The latest language learning site promises to remain 100 per cent free forever, but how?
Most people long to be fluent in more than one language, and there’s a large market to cater for this, but what if you could skip paying out for books and software and learn a language for free?
With Duolingo, not only do you learn the language of your choice, but you also help translate the web, but how does it work?

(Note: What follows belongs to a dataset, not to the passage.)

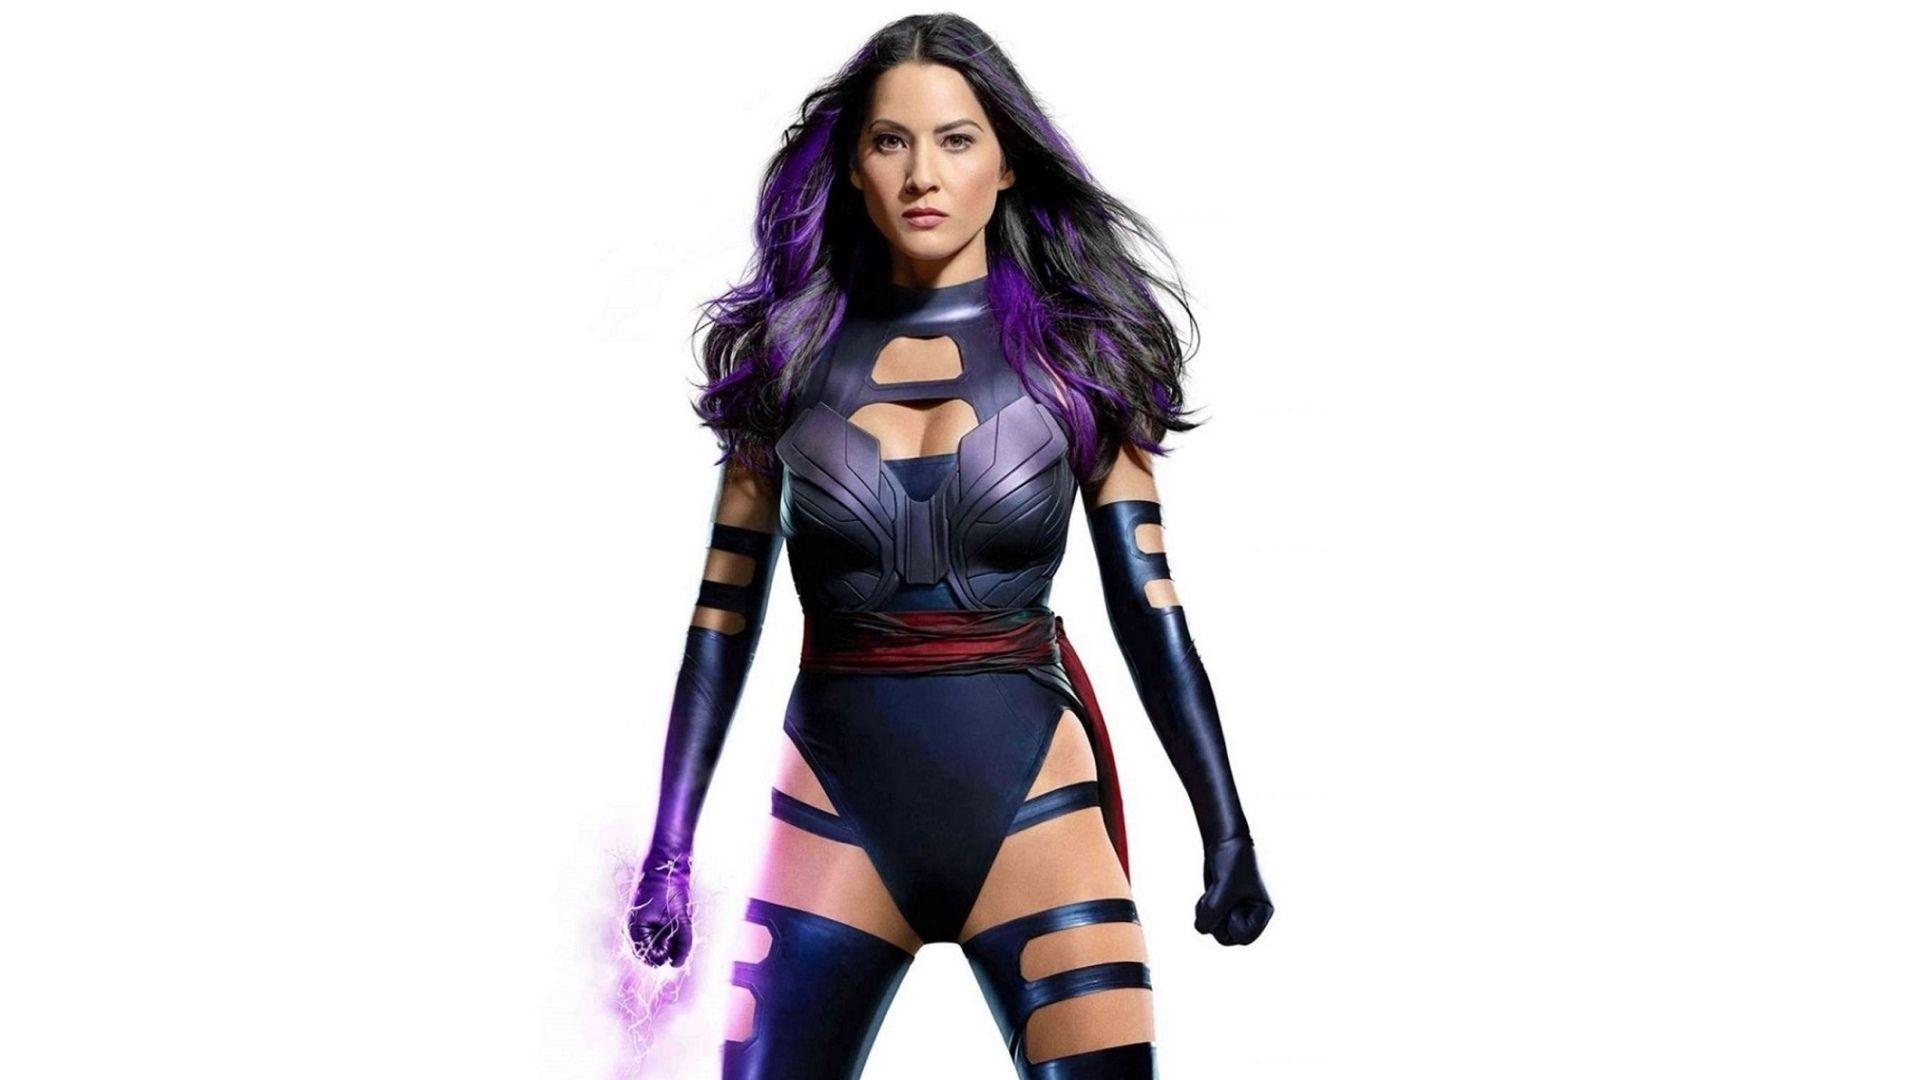 Sony Xperia sony xperia z2 phone case : Movie X-Men: Apocalypse Olivia Munn Psylocke Wallpaper : Olivia Munn ...

Duolingo’s creator Luis von Ahn, the man behind reCAPTCHA, spoke to PCR to shed some light on the too-good-to-be-true language learning platform.
What is Duolingo?
Duolingo is a free language learning website in which people help to translate the Web as they learn. The service is designed so that as users progress through the lessons, they simultaneously help to translate websites and other documents.
Currently, over 50 per cent of the web is written only in English, and Duolingo's goal is to translate it all into every major language. We plan to do it by encouraging the over 1.2 billion people learning a language to help us translate it. This way everybody wins - students get to learn for free, and the web becomes accessible to the world.
How can a language learning website remain free?
Duolingo is 100 per cent free and will remain free forever. The reason is because people contribute valuable translations while they learn.
How does Duolingo differ from other language-learning sites or products?
Duolingo is fun, totally free, and effective. It differs from other sites because you can learn with real-world content. Imagine learning Spanish by helping to translate the news of the day from Spanish to English.
What other languages are the team planning to add in the future?
We plan to have Portuguese, Italian and Chinese this year.
I hear there are plans to add a mobile version…
Yes, we're working on an iOS version which should be launched in September.
With Duolingo you can currently learn Spanish, German, French and English. Check out duolingo.com and start breaking down the web’s language barriers.